There are specific circumstances where ACTEMRA use is contraindicated to avoid harm or treatment failure.

• Active Severe Infections: Use is contraindicated in patients with active infections such as tuberculosis or sepsis until adequately treated.
• Hypersensitivity: Known allergy to Tocilizumab or any formulation excipients.
• Severe Liver Disease: Patients with severe hepatic impairment should not receive ACTEMRA due to risk of toxicity.
• Live Vaccines: Contraindicated during therapy because of risk of serious infections.
• Pregnancy and Breastfeeding: Use only if the benefit outweighs the risk, and under specialist guidance.

Storage of ACTEMRA 20mg/ml (400mg/20ml)

Proper storage of ACTEMRA is essential to maintain its stability and effectiveness.

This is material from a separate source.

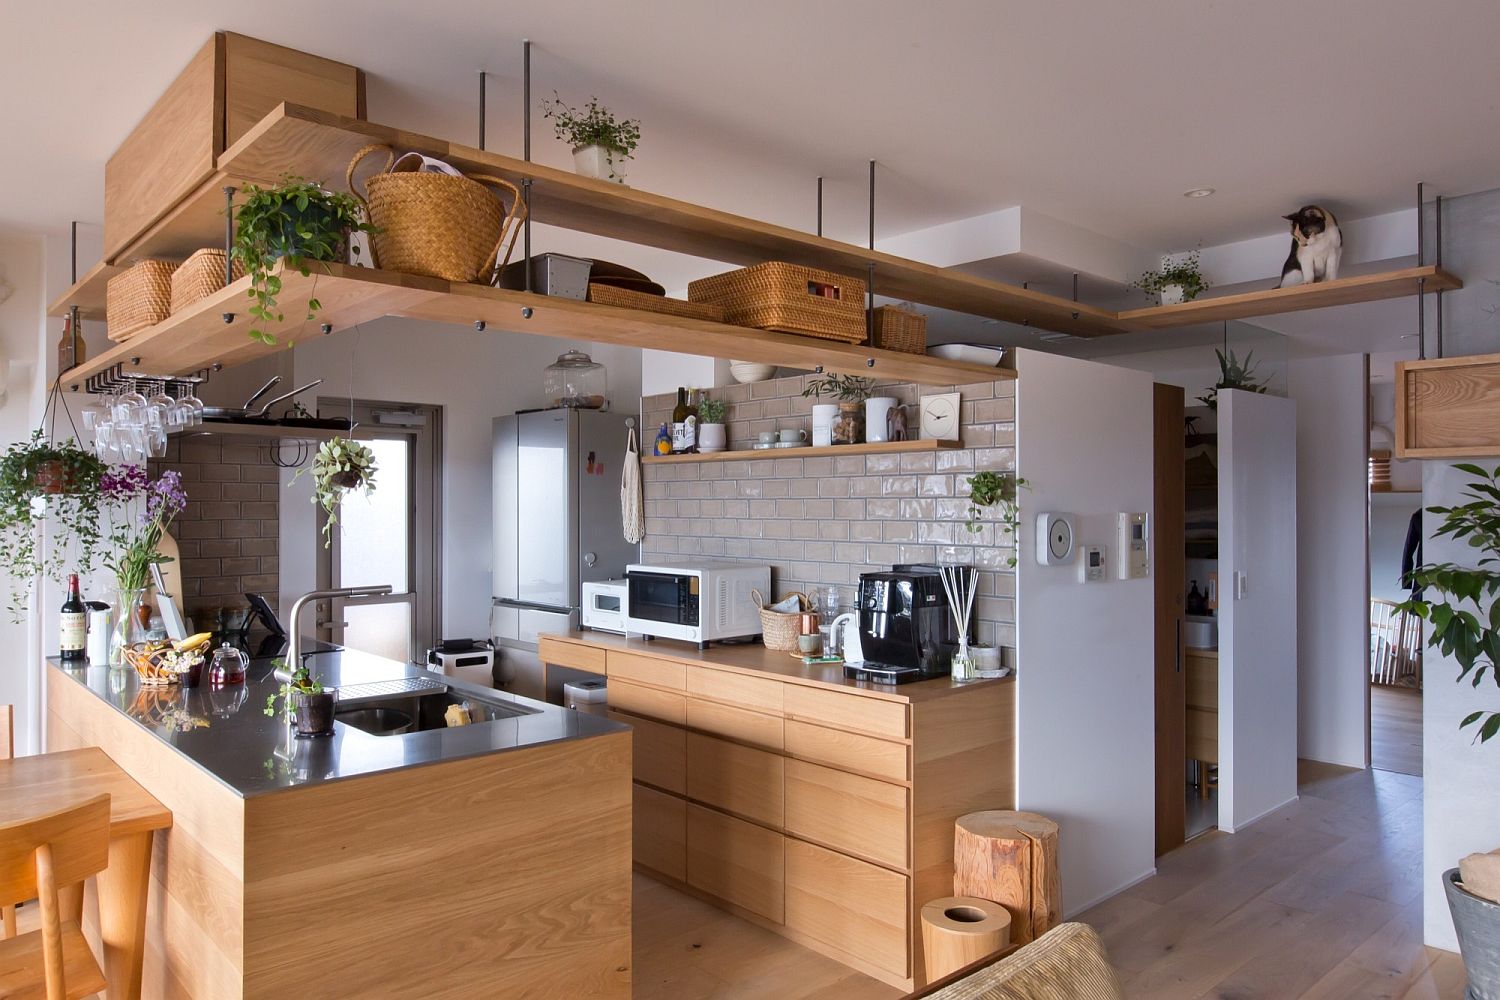 Wooden-shelves-and-wall-mounted-cabinets-offer-storage-space-without-creating-a-clutter
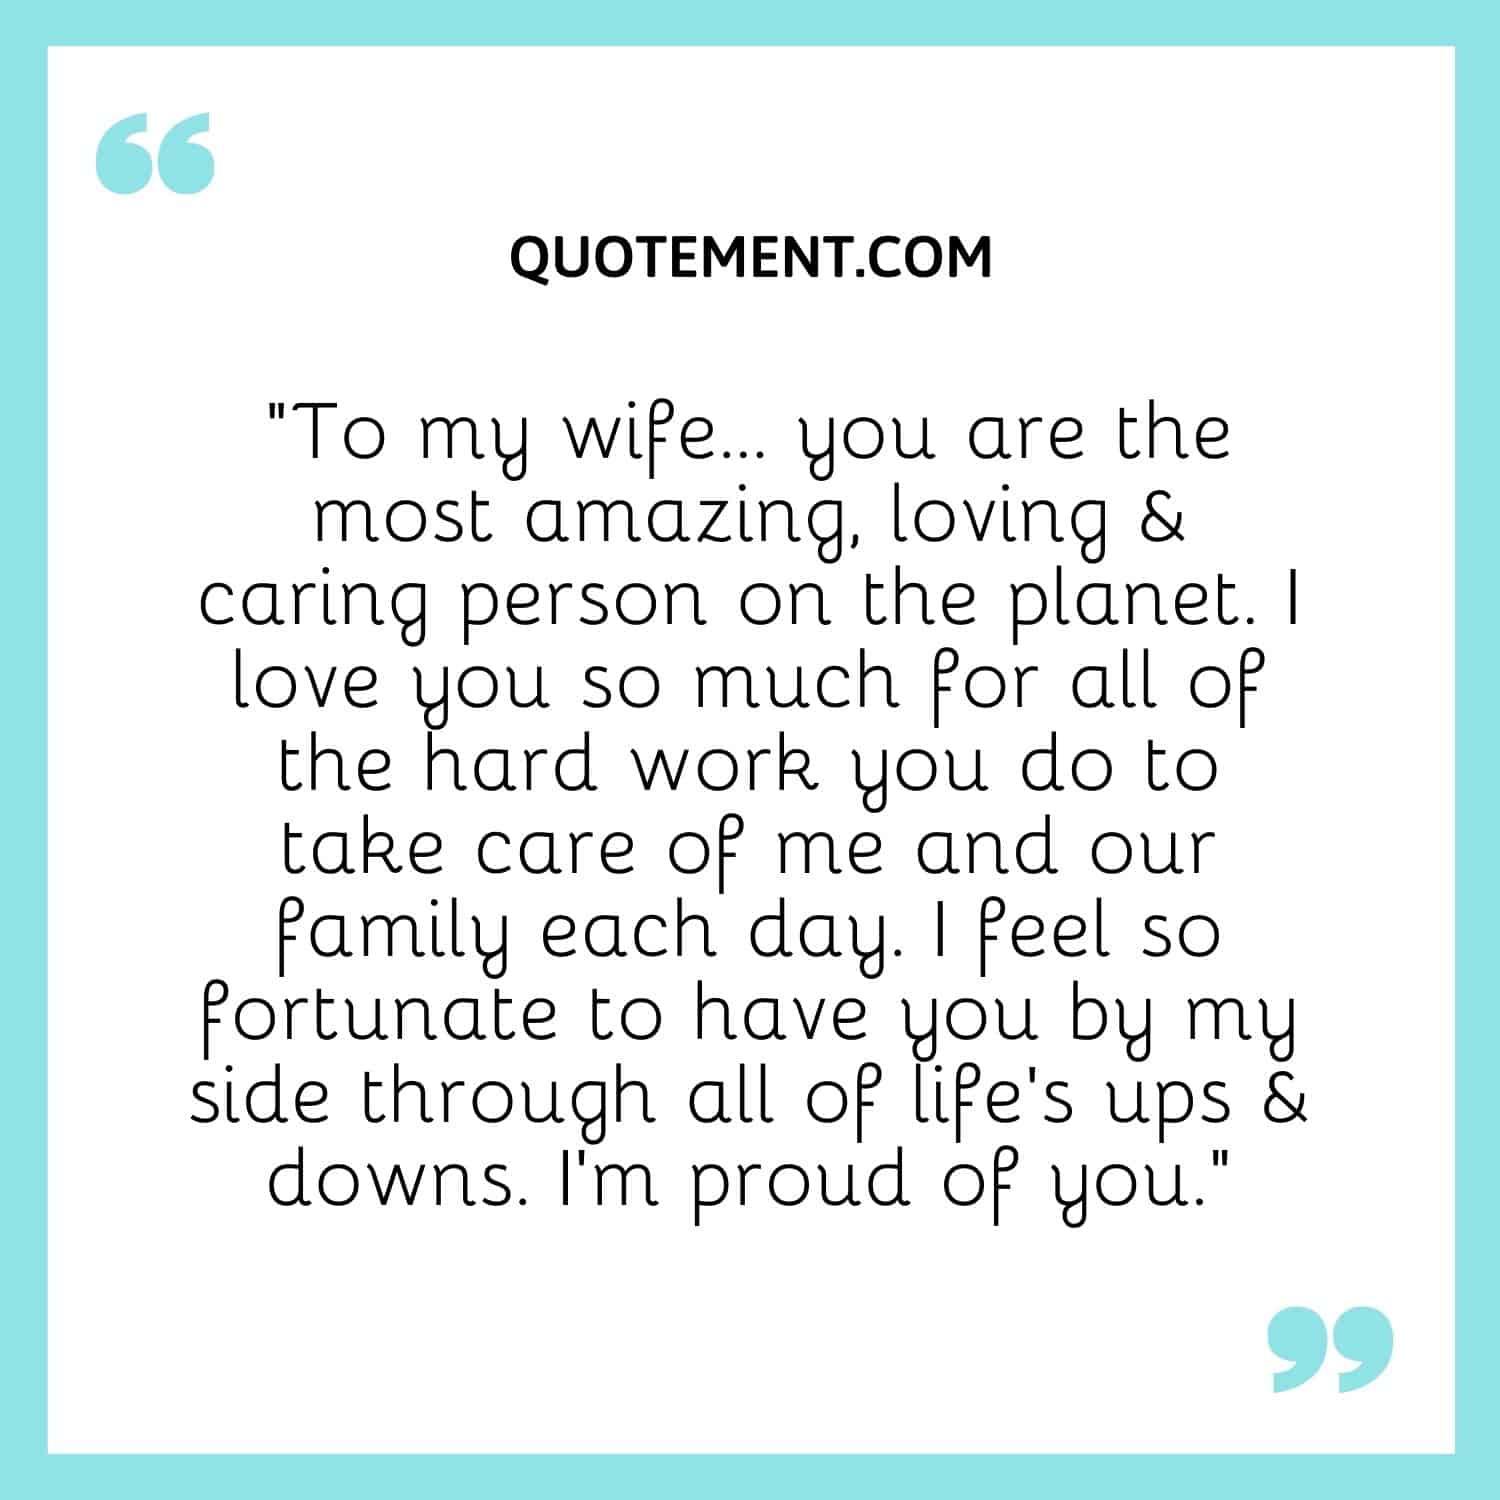 “To my wife… you are the most amazing, loving & caring person on the planet. I love you so much for all of the hard work you do to take care of me and our family each day.

• Temperature: Store refrigerated at 2°C to 8°C (36°F to 46°F). Do not freeze.
• Light Protection: Keep the vial in its original packaging to protect from light exposure.
• Handling: Inspect vial before use; do not use if solution is discolored or contains particulate matter.
• After Dilution: Use the diluted solution promptly, or store under recommended conditions (usually refrigerated, up to 24 hours) as per institutional protocols.
• Disposal: Dispose of unused medicine and empty containers in accordance with local regulations for hazardous and biologic waste.